In Aim 1, Dr. Tu will perform metabolomic and transcriptomic profiling of EHTs with or without tachypacing. To
validate the physiological relevance of the EHT model, canine samples from tachypacing-induced heart failure
will also be profiled. Preliminary data from the EHTs and the canine samples coherently indicate that the
disruption of glycolysis homeostasis may underly the impairment of cardiac function by tachycardia.
Metabolomics analysis shows that tachypacing in EHTs resulted in a selective accumulation of glycolysis
intermediates such as glyceraldehyde 3-phosphate (GA3P) and 3-phosphoglycerate (3PG). Interestingly,
promotion of fatty acid metabolism accelerated the recovery of cardiac contractility in tachypaced EHTs. Based
on these novel results, Aim 2 will focus on elucidating how different glycolysis intermediate metabolites affect
the function of cardiomyocytes, which has yet to be systematically examined.
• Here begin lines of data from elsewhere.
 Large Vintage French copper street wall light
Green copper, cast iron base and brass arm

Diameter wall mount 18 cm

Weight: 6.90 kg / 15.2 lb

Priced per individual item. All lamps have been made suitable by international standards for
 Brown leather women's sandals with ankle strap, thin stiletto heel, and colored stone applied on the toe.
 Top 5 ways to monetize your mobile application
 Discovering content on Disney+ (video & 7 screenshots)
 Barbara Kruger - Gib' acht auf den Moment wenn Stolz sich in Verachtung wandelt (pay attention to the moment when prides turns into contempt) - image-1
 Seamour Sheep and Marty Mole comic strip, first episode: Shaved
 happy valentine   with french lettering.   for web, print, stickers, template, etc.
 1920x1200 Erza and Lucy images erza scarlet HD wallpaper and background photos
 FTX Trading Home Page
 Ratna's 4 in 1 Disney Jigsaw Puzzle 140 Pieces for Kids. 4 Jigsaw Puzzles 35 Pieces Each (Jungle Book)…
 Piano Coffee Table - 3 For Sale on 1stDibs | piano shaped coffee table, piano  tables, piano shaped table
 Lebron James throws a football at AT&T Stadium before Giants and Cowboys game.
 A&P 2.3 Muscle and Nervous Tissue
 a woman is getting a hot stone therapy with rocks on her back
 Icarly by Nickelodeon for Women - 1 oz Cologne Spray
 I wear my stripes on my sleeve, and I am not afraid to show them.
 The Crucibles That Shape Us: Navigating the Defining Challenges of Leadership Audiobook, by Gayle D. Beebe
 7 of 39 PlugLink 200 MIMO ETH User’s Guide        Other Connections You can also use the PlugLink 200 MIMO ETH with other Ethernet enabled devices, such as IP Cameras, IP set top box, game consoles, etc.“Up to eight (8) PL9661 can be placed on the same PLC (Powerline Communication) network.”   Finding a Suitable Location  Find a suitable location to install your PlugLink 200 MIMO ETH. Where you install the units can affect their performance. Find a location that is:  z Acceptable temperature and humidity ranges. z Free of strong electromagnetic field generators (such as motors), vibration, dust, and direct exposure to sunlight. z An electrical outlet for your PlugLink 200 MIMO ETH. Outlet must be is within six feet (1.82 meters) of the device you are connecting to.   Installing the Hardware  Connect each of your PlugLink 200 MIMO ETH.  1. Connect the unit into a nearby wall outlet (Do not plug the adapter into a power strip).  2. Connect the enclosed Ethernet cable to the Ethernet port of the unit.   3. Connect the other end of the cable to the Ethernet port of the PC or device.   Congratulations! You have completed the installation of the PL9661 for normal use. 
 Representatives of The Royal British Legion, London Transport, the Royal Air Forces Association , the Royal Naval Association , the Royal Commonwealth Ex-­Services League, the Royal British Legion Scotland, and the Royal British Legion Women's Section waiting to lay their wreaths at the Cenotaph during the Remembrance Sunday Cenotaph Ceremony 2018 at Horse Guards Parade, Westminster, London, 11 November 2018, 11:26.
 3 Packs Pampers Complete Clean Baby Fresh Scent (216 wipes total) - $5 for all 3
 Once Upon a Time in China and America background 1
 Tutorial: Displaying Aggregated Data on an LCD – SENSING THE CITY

Lastly, Aim 3 (R00 phase) will
employ state-of-the-art mass spectrometry workflow to screen for novel binding targets of glycolysis
intermediates in cardiac cells, and examine the potential therapeutic benefits of manipulating these targets. This
K99/R00 proposal will be guided by an excellent mentoring team with diverse expertise, including mentor Dr.
Joseph Wu (iPSCs and cardiac biology), co-mentor Dr. Sanjiv Narayan (arrhythmia), advisors Dr. Michael
Snyder (genetics and multi-omics), Dr. Yuqin Dai (metabolomics), Dr. Stanley Qi (CRISPR interference) and Dr.
Beth Pruitt (bioengineering), as well as collaborators Dr. Fabio Recchia (canine model) and Dr. Donald Bers
(cardiac physiology). To sum up, the completion of the proposed study will significantly advance our mechanistic
understanding of how tachycardia adversely affects the heart, thereby creating new opportunities for therapeutic
interventions. The proposed training will significantly strengthen and expand Dr. Tu’s research expertise,
providing substantial momentum to his transition toward...

## Key facts

- **NIH application ID:** 10906100
- **Project number:** 5K99HL164962-02
- **Recipient organization:** STANFORD UNIVERSITY
- **Principal Investigator:** Chengyi Tu
- **Activity code:** K99 (R01, R21, SBIR, etc.)
- **Funding institute:** NIH
- **Fiscal year:** 2024
- **Award amount:** $151,637
- **Award type:** 5
- **Project period:** 2023-09-01 → 2026-02-13

## Primary source

NIH RePORTER: https://reporter.nih.gov/project-details/10906100

## Citation

> US National Institutes of Health, RePORTER application 10906100, Tachycardia-induced Metabolic Remodeling Drives Cardiac Dysfunction (5K99HL164962-02). Retrieved via AI Analytics 2026-05-24 from https://api.ai-analytics.org/grant/nih/10906100. Licensed CC0.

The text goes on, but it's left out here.